Exercise directions - Set out word for word the line that contains "powered by BASE" and each line after it, through the end of the data below, but exclude the pictures.

── Supplied data

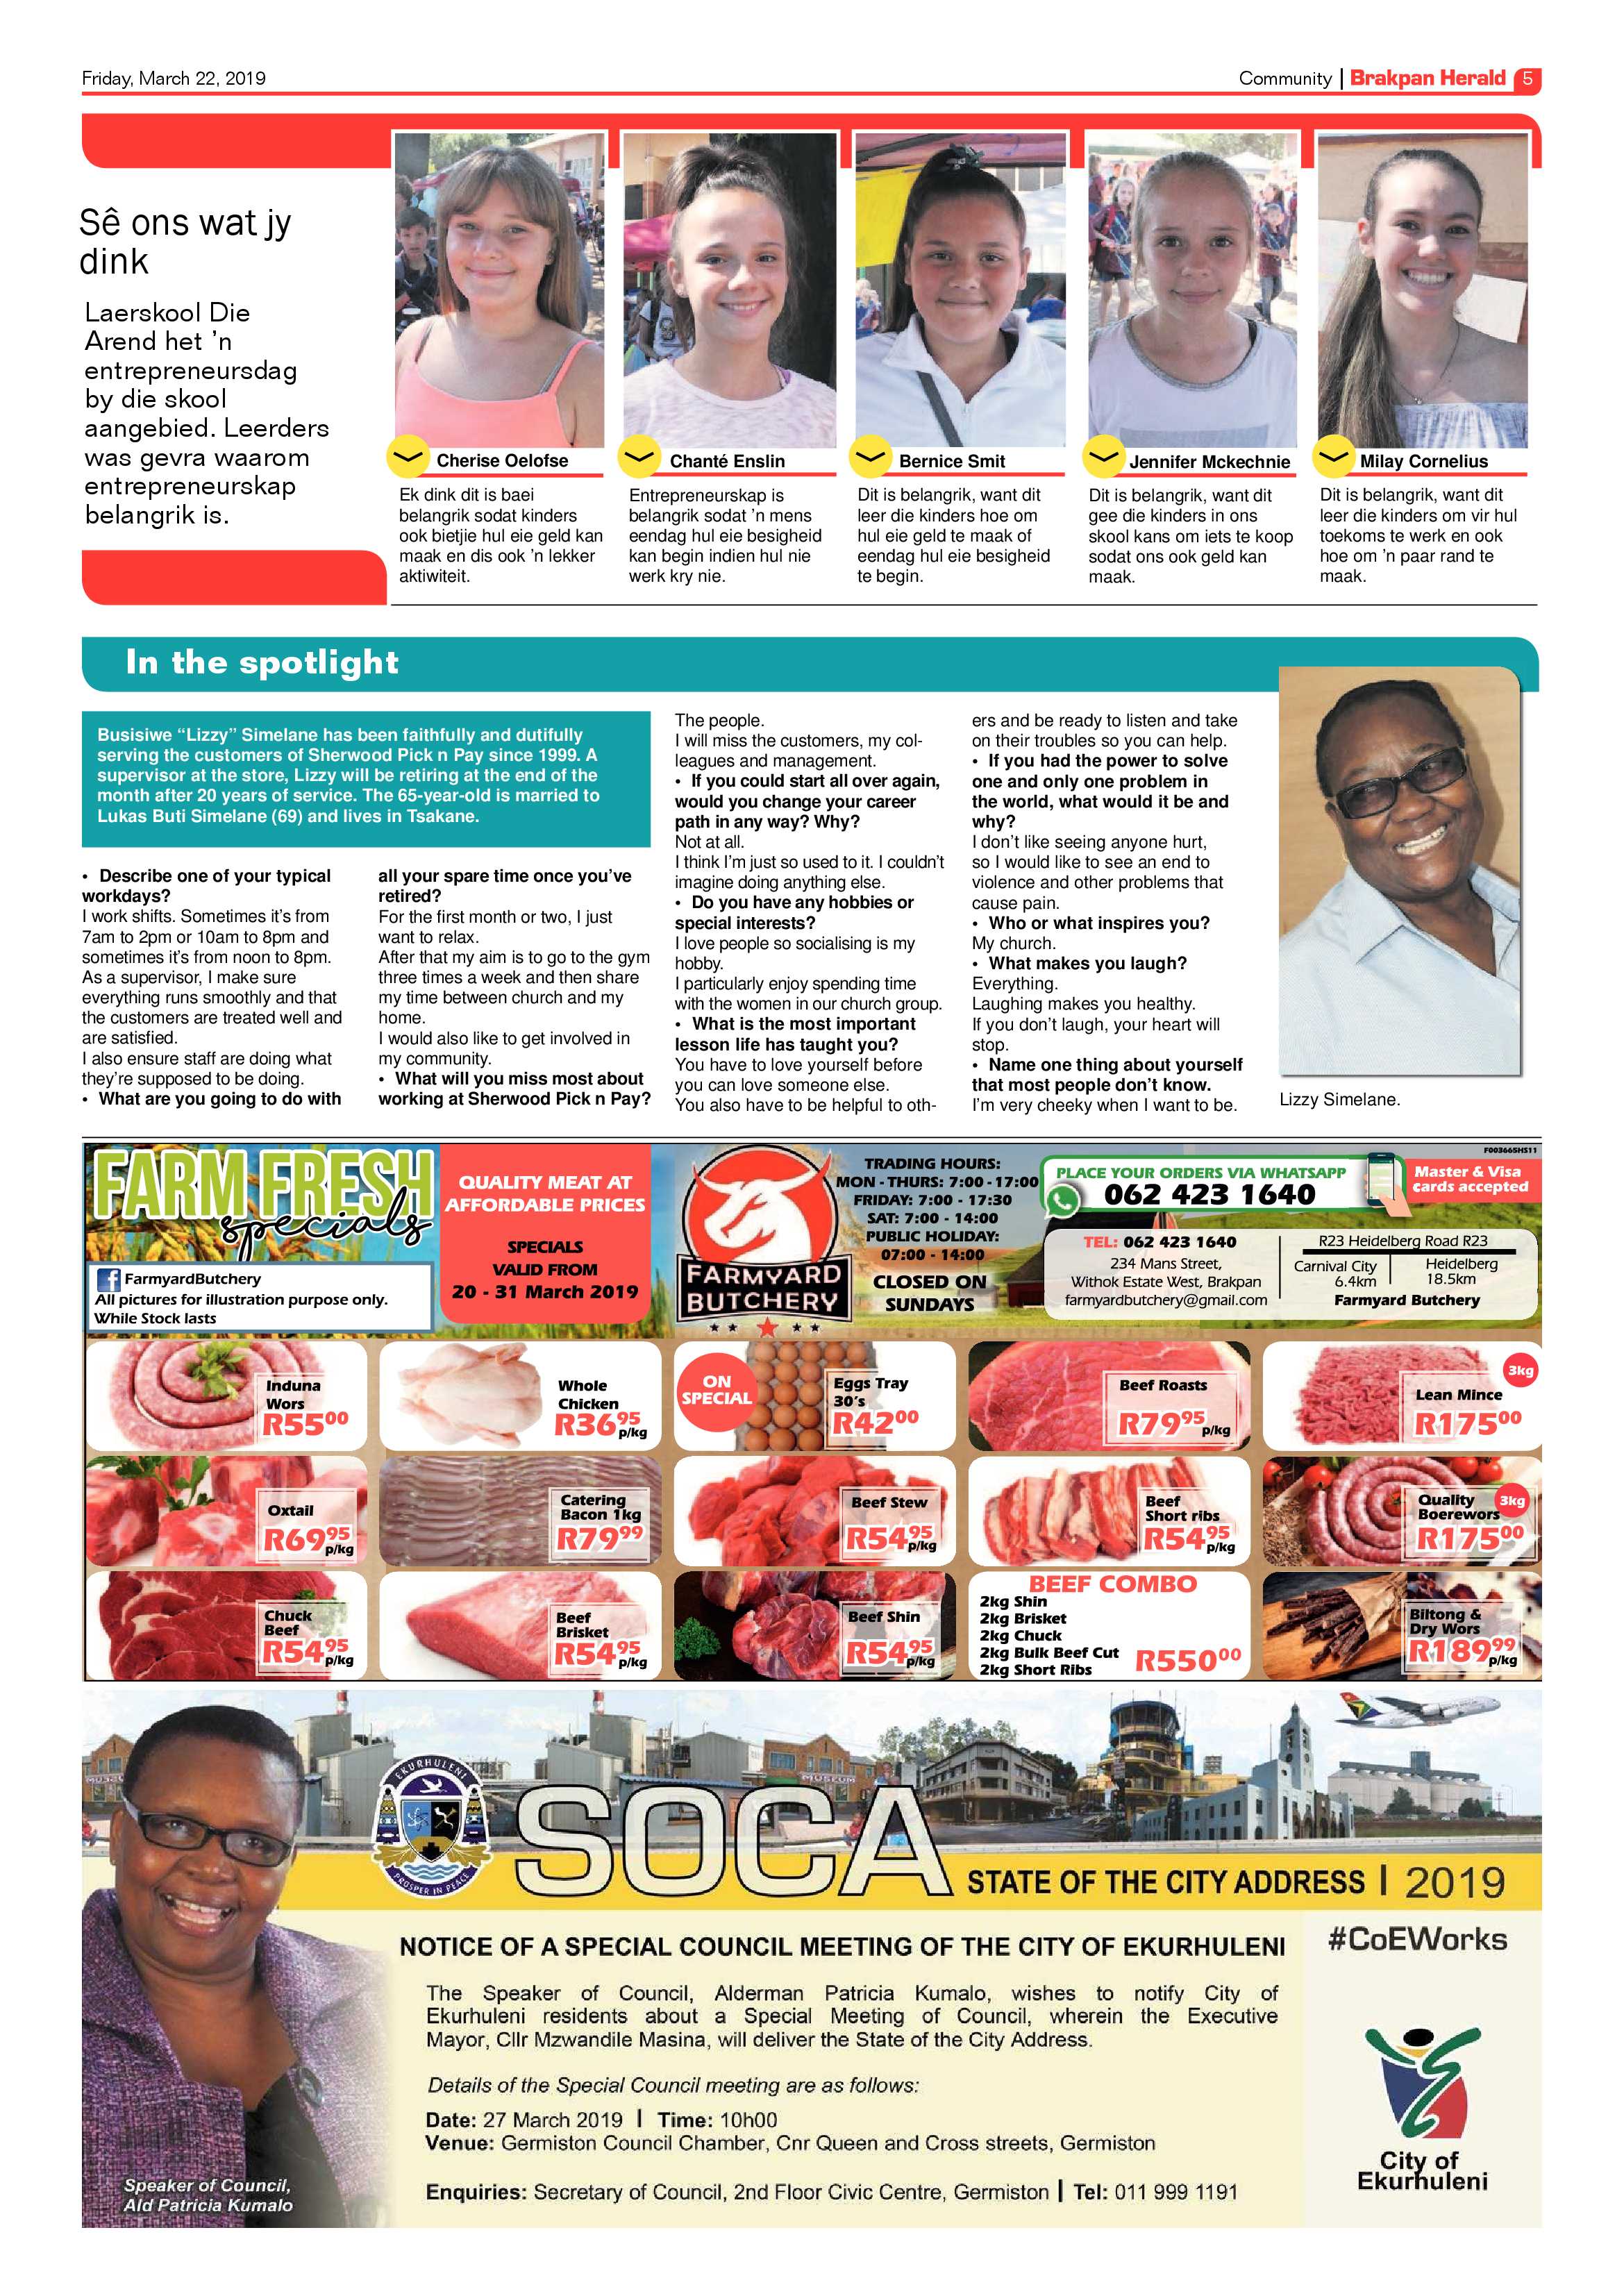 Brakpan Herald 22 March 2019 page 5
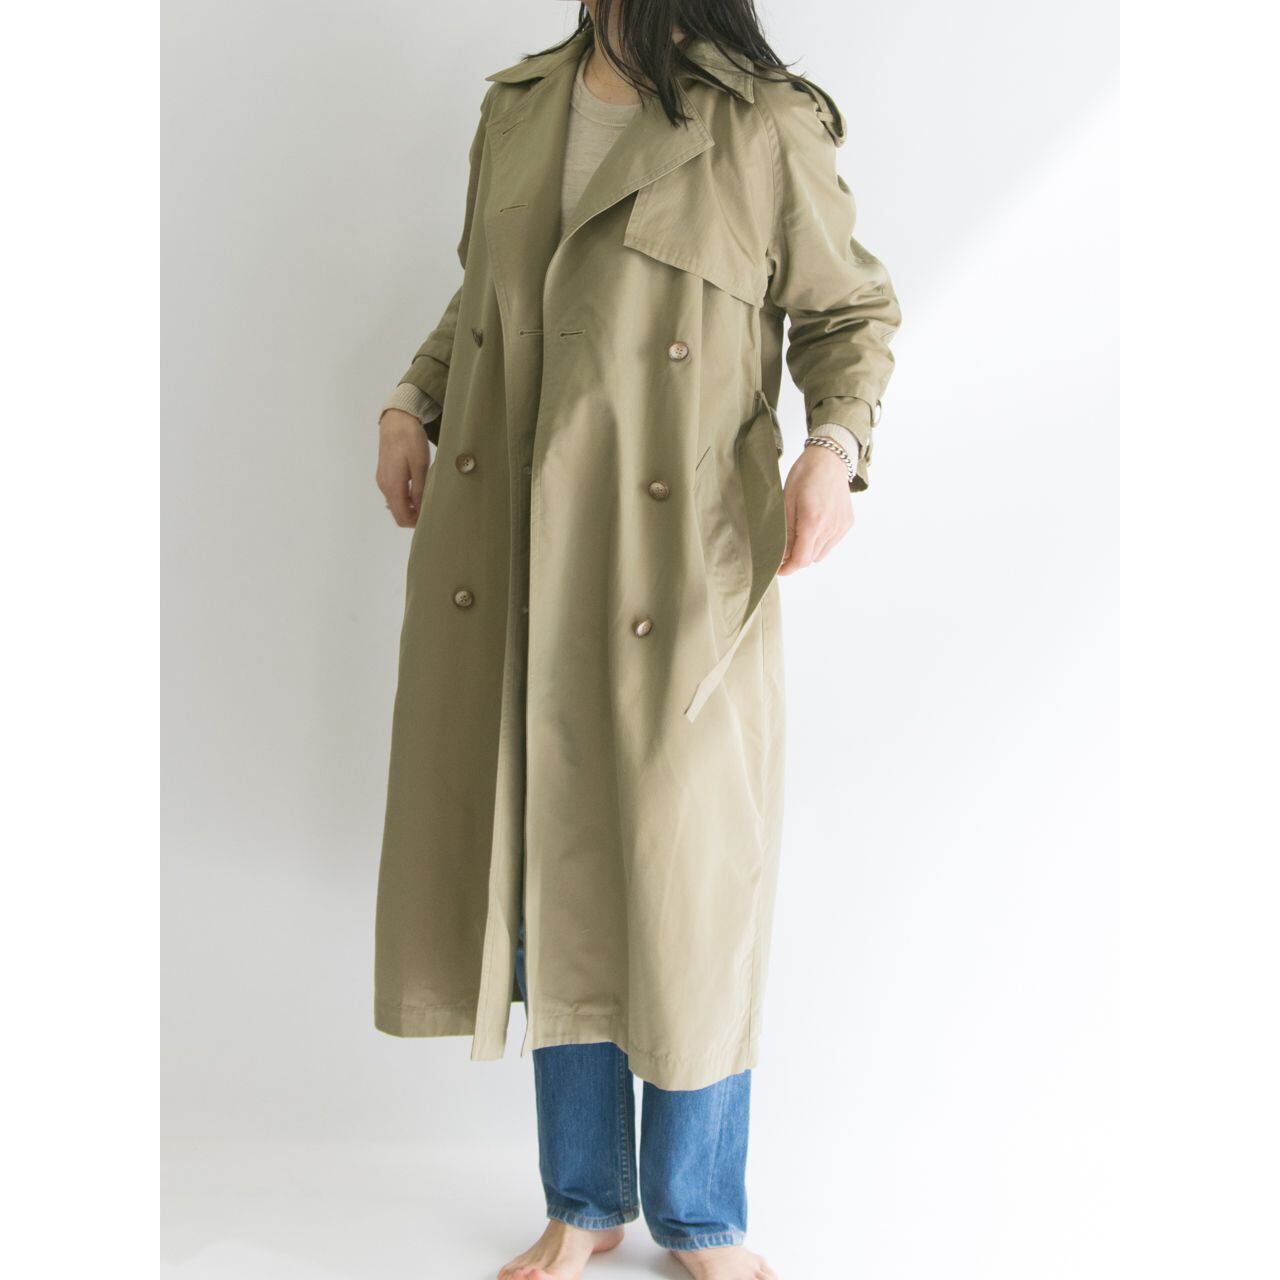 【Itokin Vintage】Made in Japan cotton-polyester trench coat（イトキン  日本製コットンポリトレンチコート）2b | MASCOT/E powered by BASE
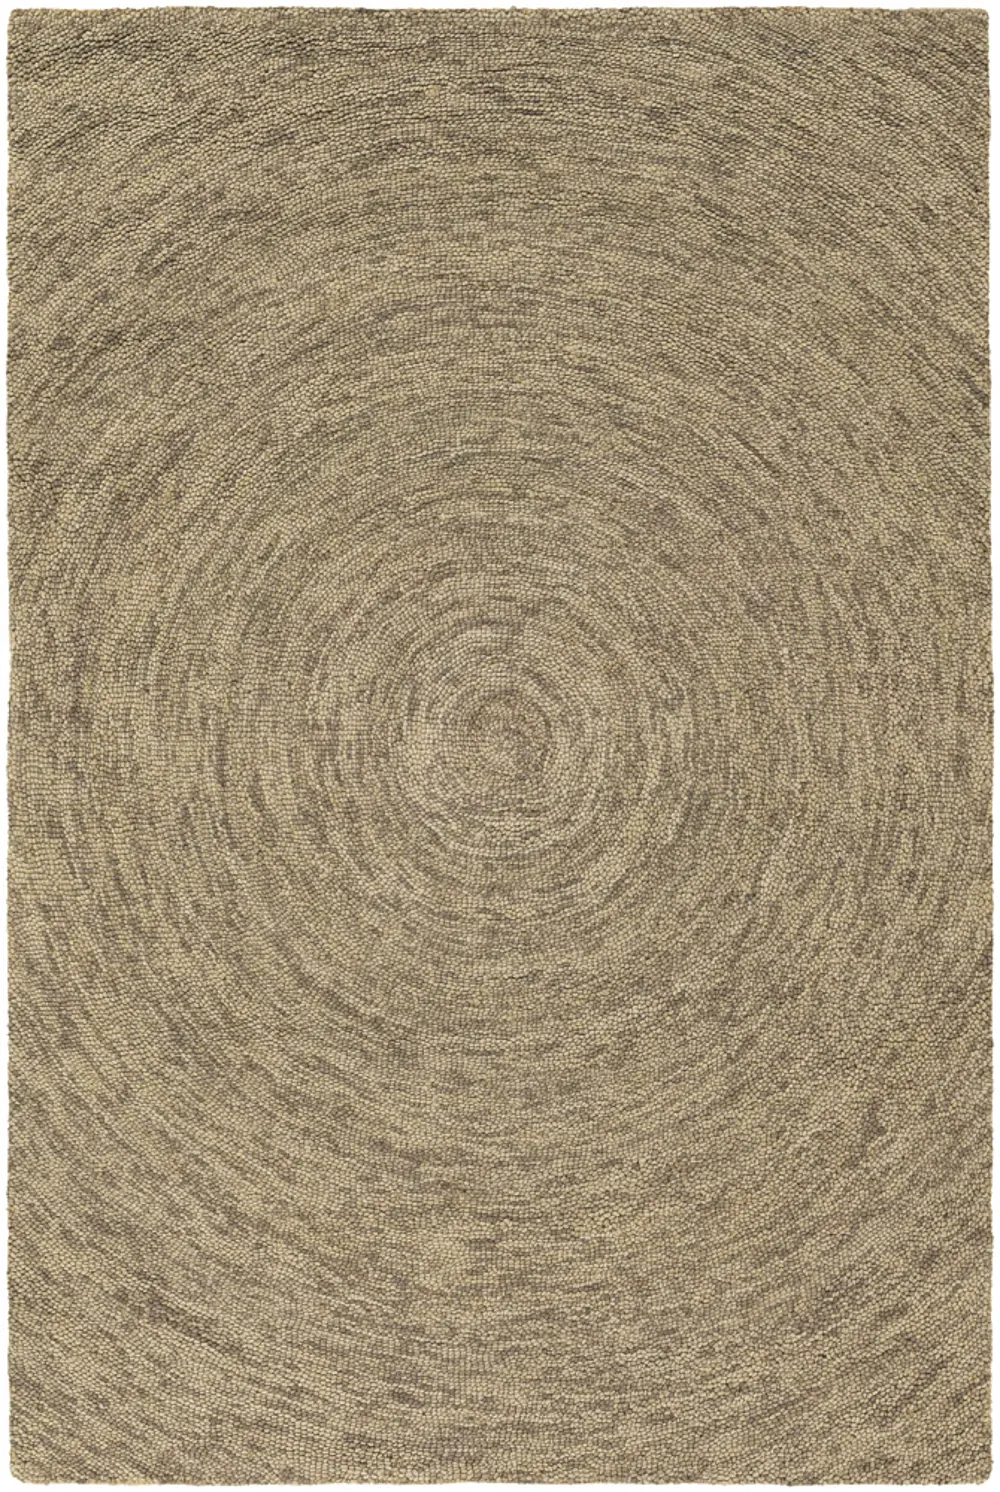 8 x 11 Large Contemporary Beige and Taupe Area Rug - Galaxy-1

────

Answer to this task -
 【Itokin Vintage】Made in Japan cotton-polyester trench coat（イトキン  日本製コットンポリトレンチコート）2b | MASCOT/E powered by BASE
 8 x 11 Large Contemporary Beige and Taupe Area Rug - Galaxy-1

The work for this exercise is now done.